DATA EXTRACT
------------
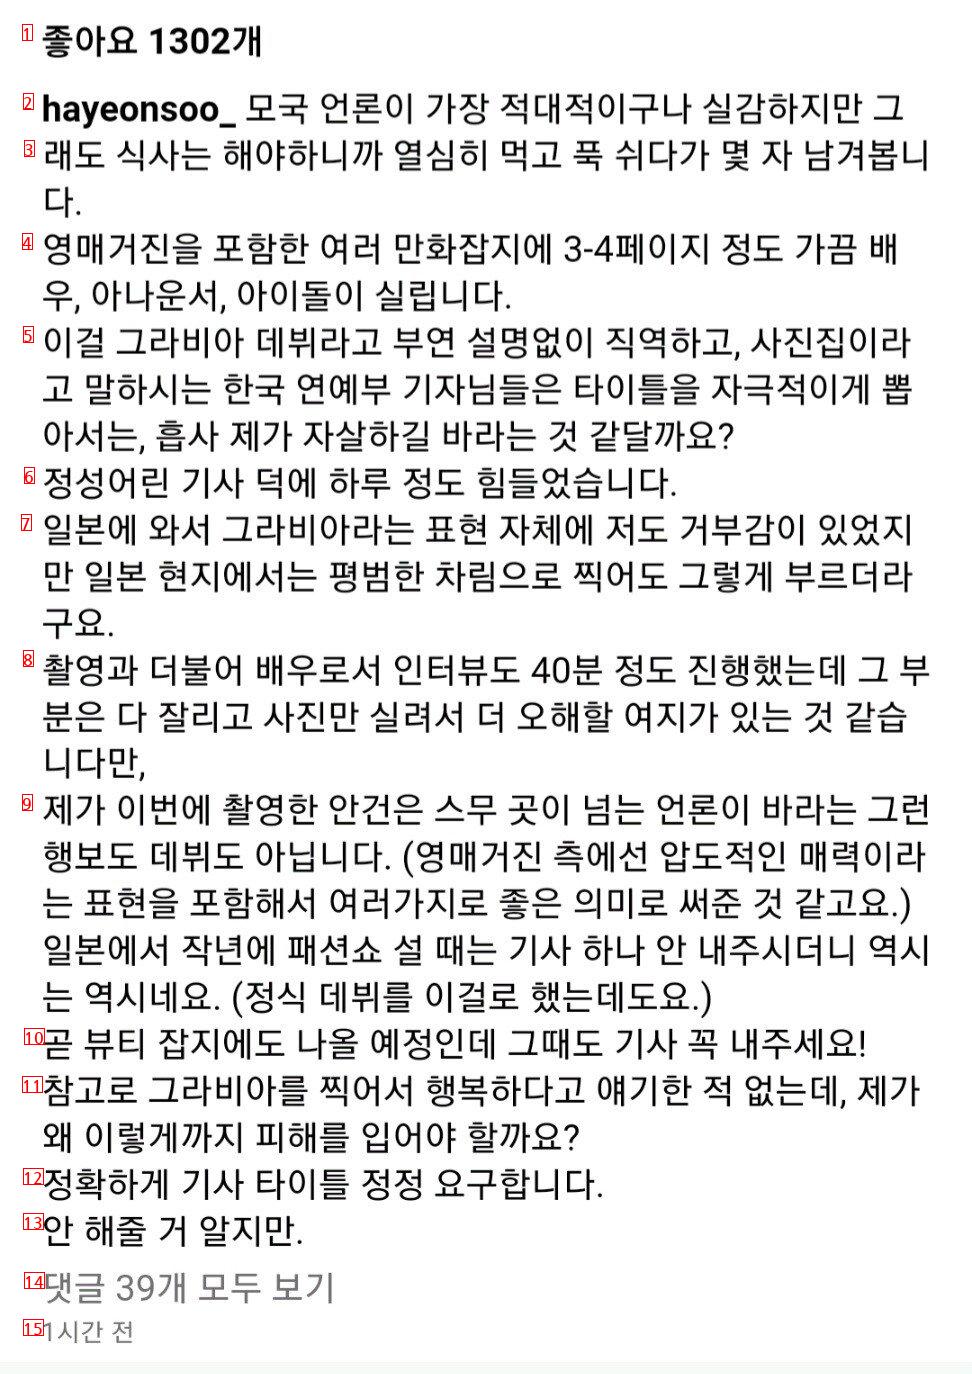 韓国芸能部の記者に広域狙撃文を掲載したハ·ヨンス
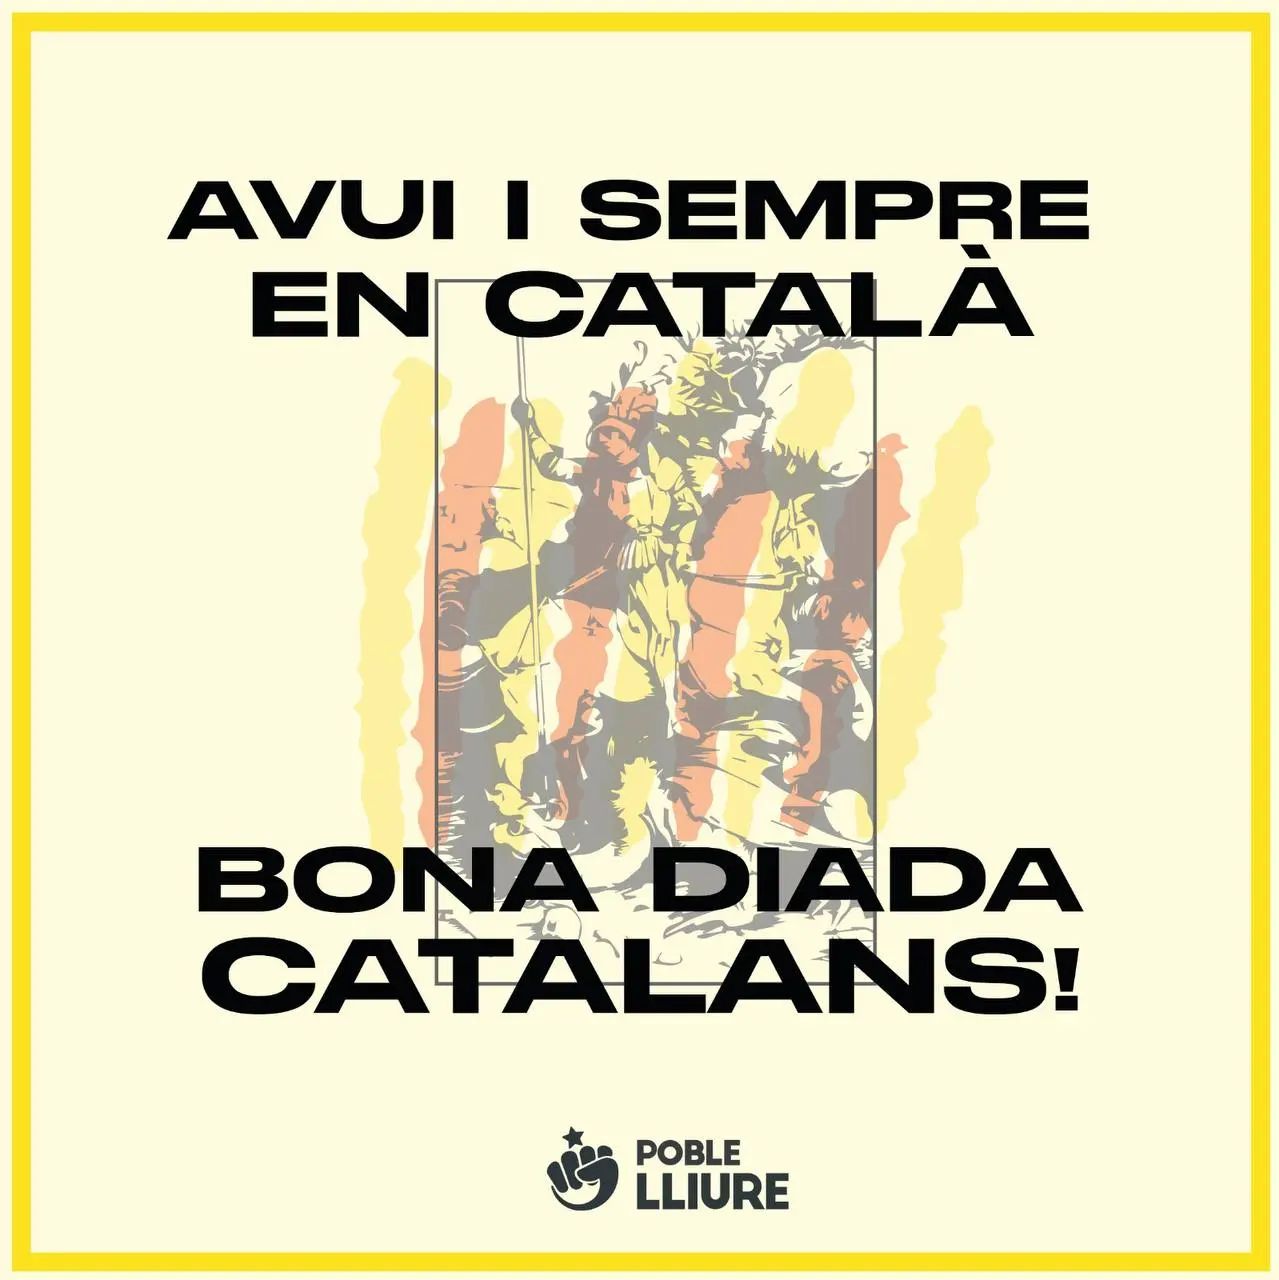 🌹📚 Sant Jordi | Bona diada Catalans!

AVUI I SEMPRE EN CATALÀ
------------
Nothing but the lines from the line with "Bona diada Catalans!" through the end of the listing should appear in the answer, each duplicated exactly, without pictures.

 🌹📚 Sant Jordi | Bona diada Catalans!

AVUI I SEMPRE EN CATALÀ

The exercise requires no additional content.